One of the toughest parts of a short-term, strict regimen is the lack of variety and tastiness. Not so with soup cleanses. Take Los Angeles-based Soupure, where people can choose from one, three or five days’ worth of gluten-free, plant-based soups, broths, smoothies and “elixirs”—eight in total. (They’ve just started national delivery of their one-day plans.) There’s variety in the flavor profile, the temperature and texture (a strawberry smoothie for breakfast is followed shortly by a spicy zucchini soup with pieces of vegetable). Plus, some studies suggest that soup is more satiating than cold juice.
It’s difficult by design.
We know in our hearts—and those who make soup cleanses acknowledge—that doing something for a few days isn’t going to make lasting difference in weight/beauty/detoxifying. Part of the allure of any cleanse is the self-abnegation. While the rest of the world dines on pizza and beer, the cleanser is taking part in a reset. So that when those few days are over, we have the potential to reenter the world of solid food and make better choices.
THE DOWNSIDES:
Making better choices post-cleanse is not a given.

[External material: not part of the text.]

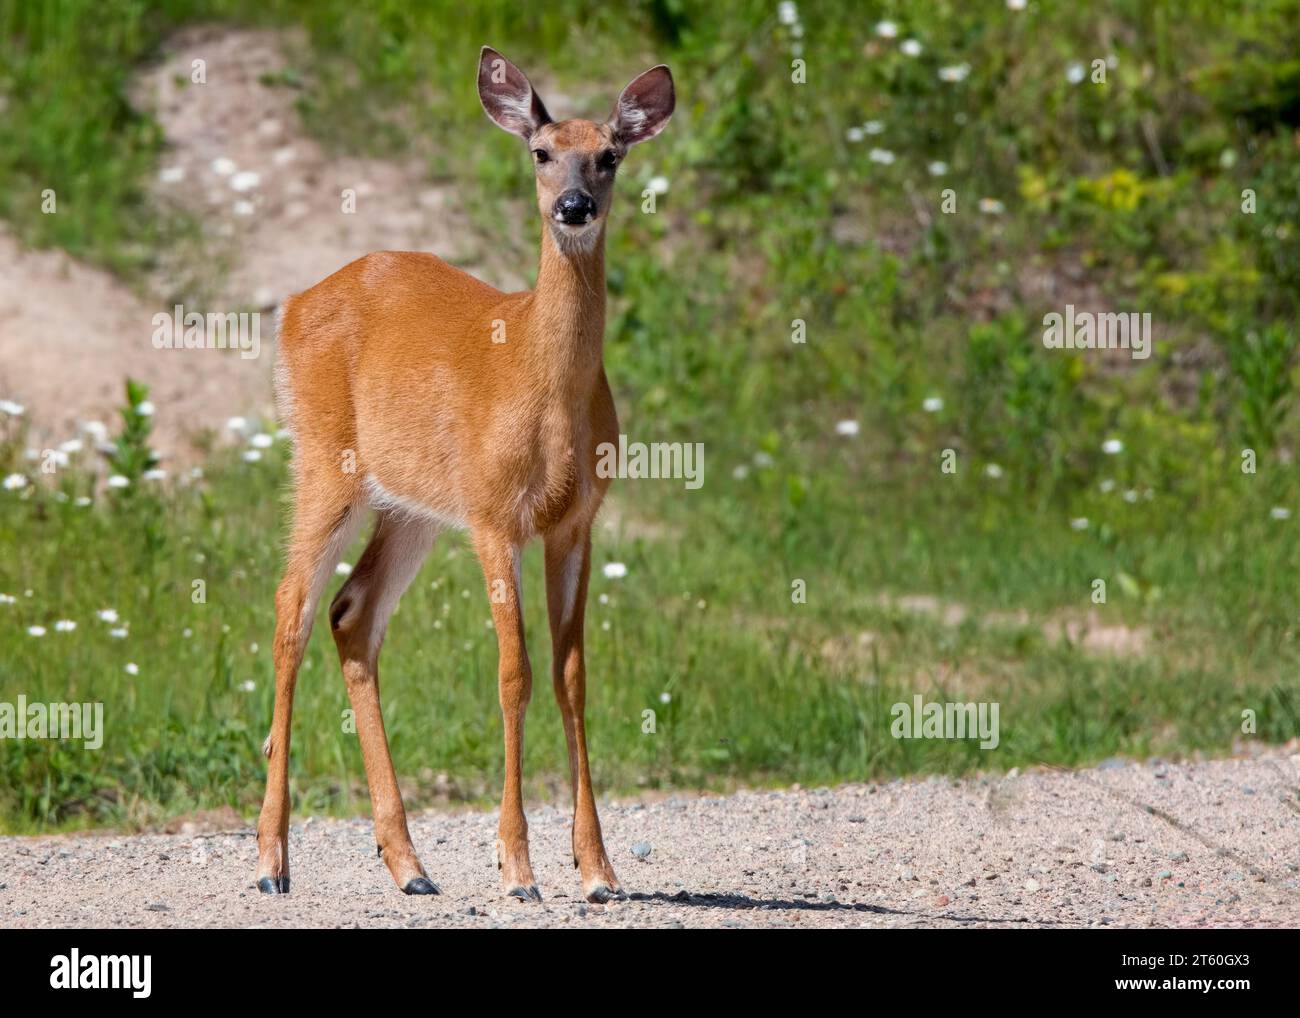 Pretty young Whitetail doe deer (Odocoileus virginianus) posing on a gravel road in the Chippewa National Forest in northern Minnesota USA Stock Photo
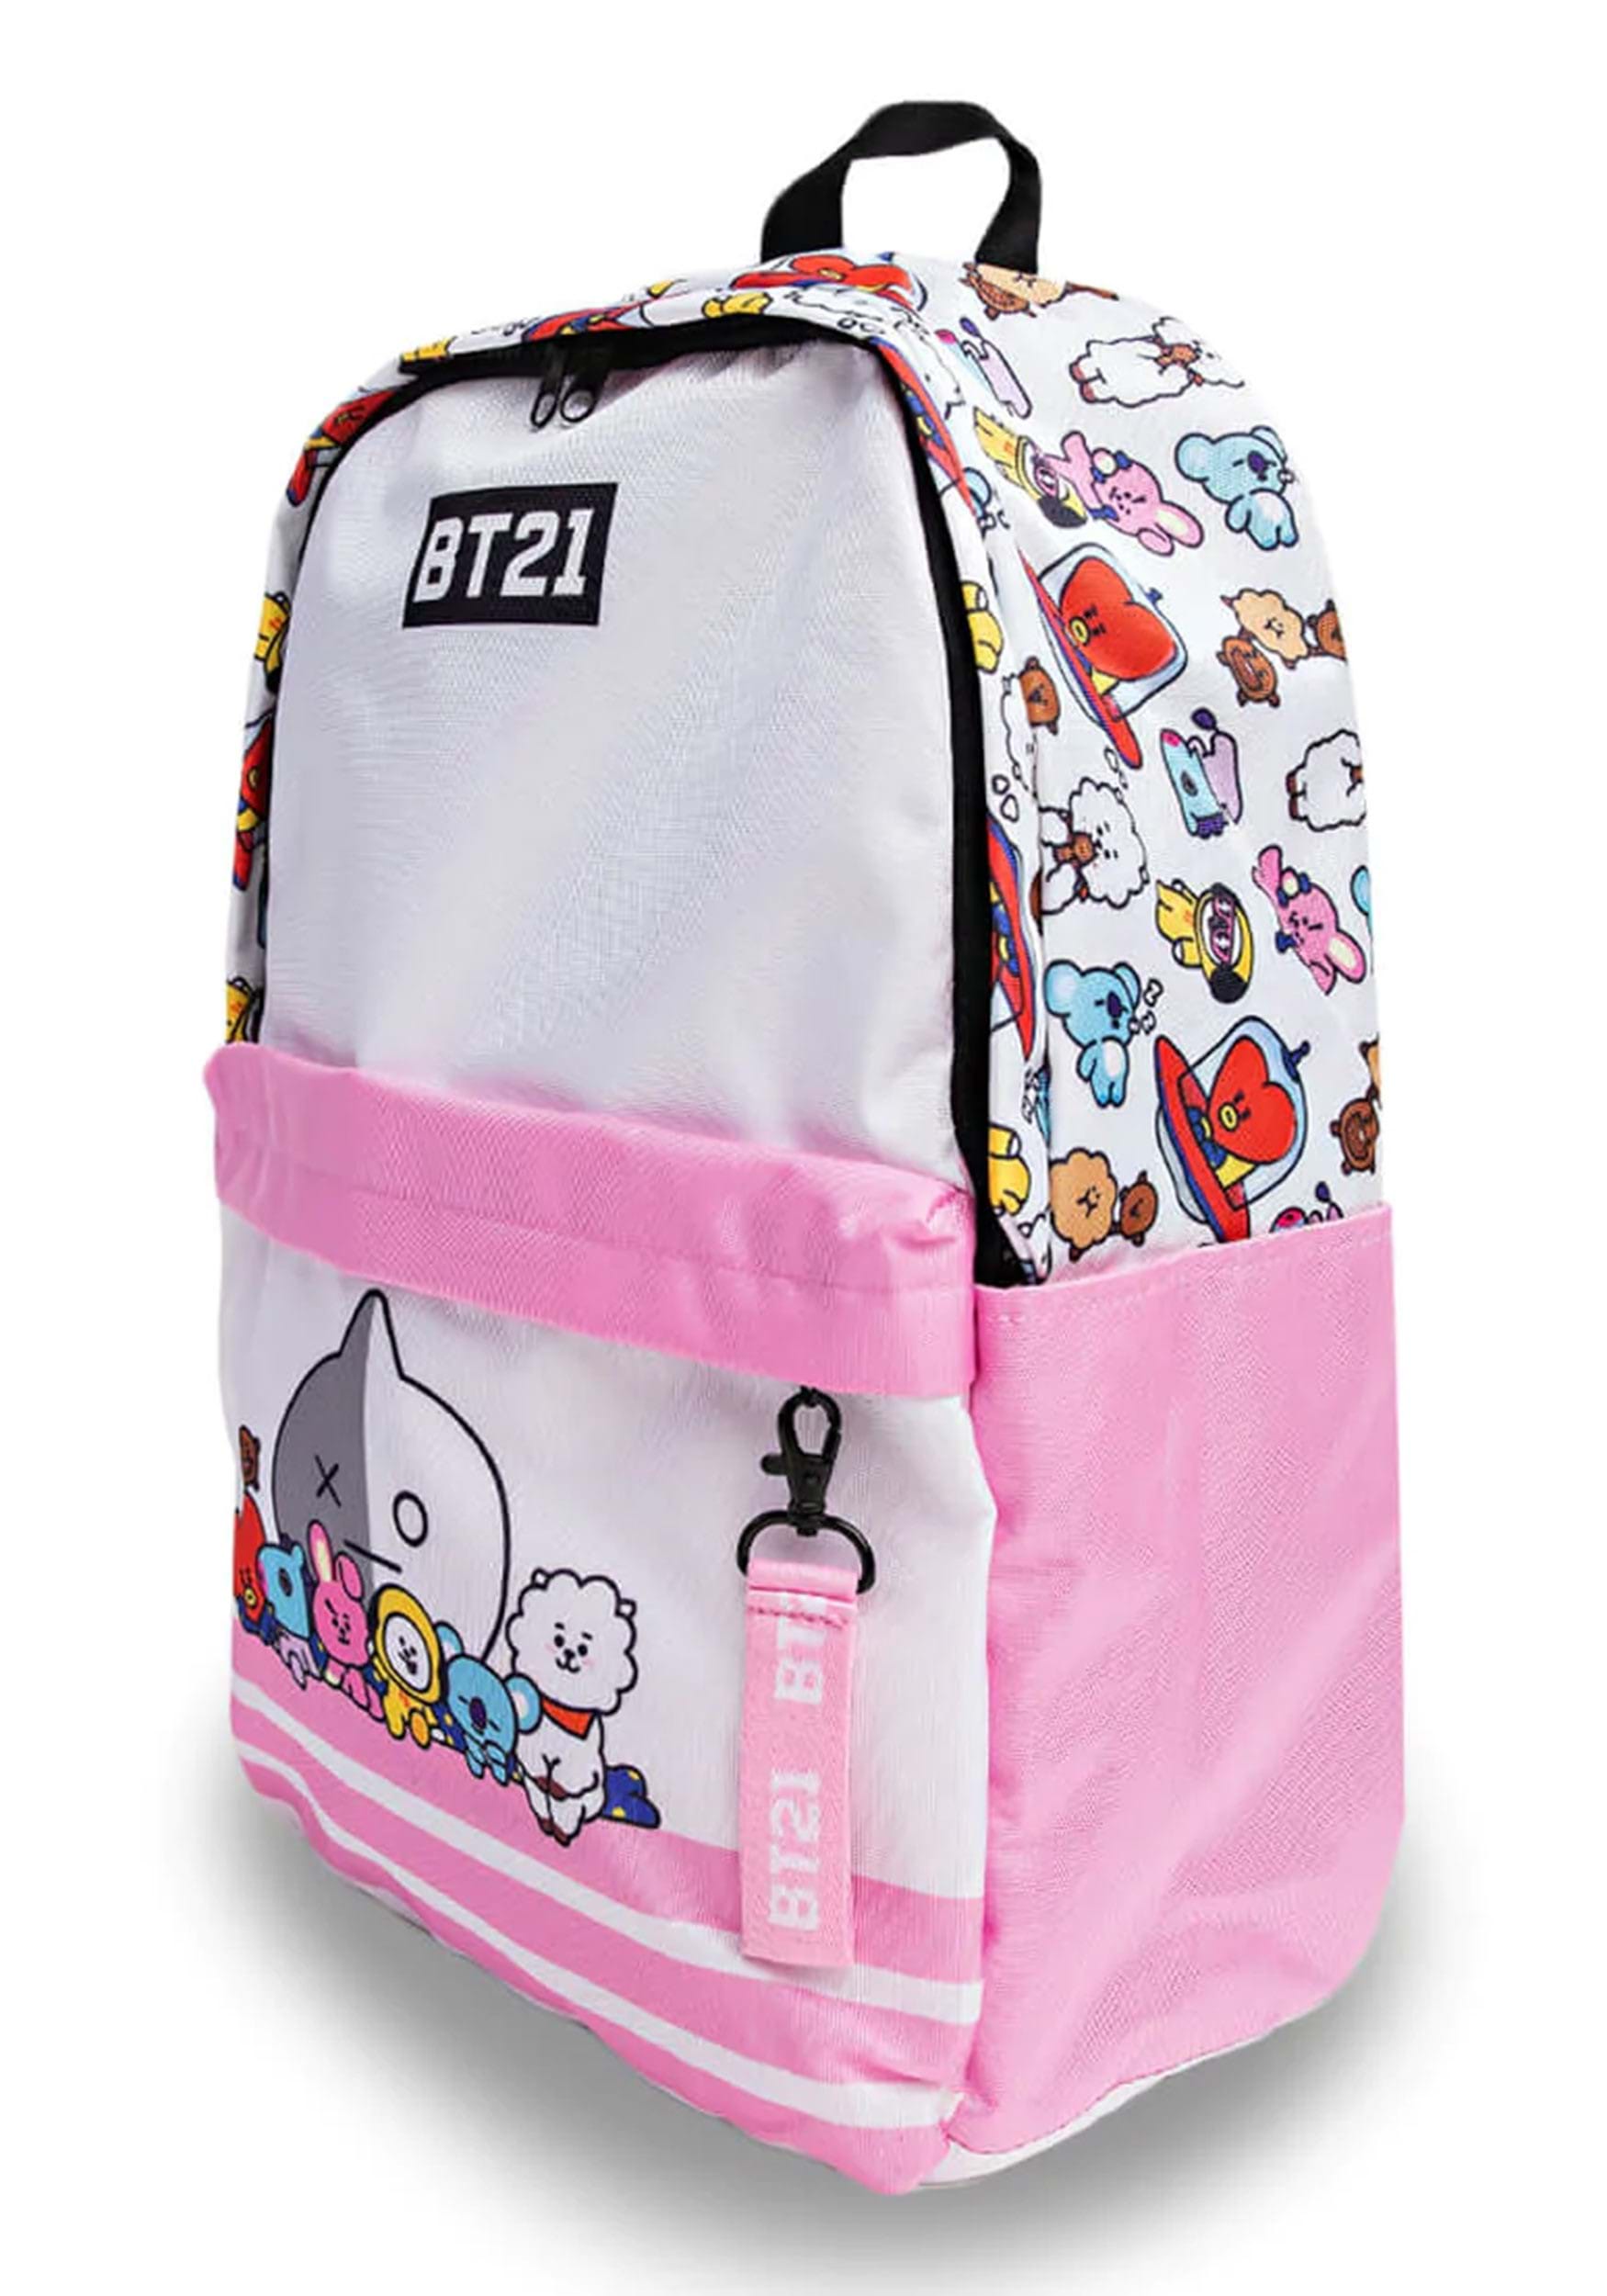 BT21 Jelly Candy Treats Mini Backpack | Hot Topic

A cleanse gives you no guidance about navigating the plethora of options in the real world, Delbridge says. And you may get done with your cleanse and be hungry.The average calories for a day on Soupure is 1,200, which is less than what the average active woman should be taking in on a normal day, but is probably ok for a short stint, Delbridge says.
Expect some crankiness.
“For many people, chewing food relieves stress,” says Kathryn Gates, a psychotherapist and ACE-certified coach based in Austin, Texas. “So not being able to chew might trigger someone who uses this behavior (probably unknowingly) to then lack a way of diffusing stress. This sort of diet would be much more difficult for someone like this, as they’ll feel much moodier about not getting solid food.” And expect to spend the whole day thinking about food—whether the banana-black-sesame purée snack will last you all day, or at what point you should treat yourself with that bottle of pineapple-basil-alkaline water, or if a few almonds would be ok since they’re the main ingredient in almond milk, anyway.
THE TAKE-AWAY:
In the hierarchy of cleanses, souping is at the top. It’s much more reasonable than the sometimes draconian juice cleanses, tastes gourmet and won’t leave you constantly staring at the calendar. Just be mindful the day after you retire your soup spoon you don’t go face-down into a bottomless bowl of rocky road.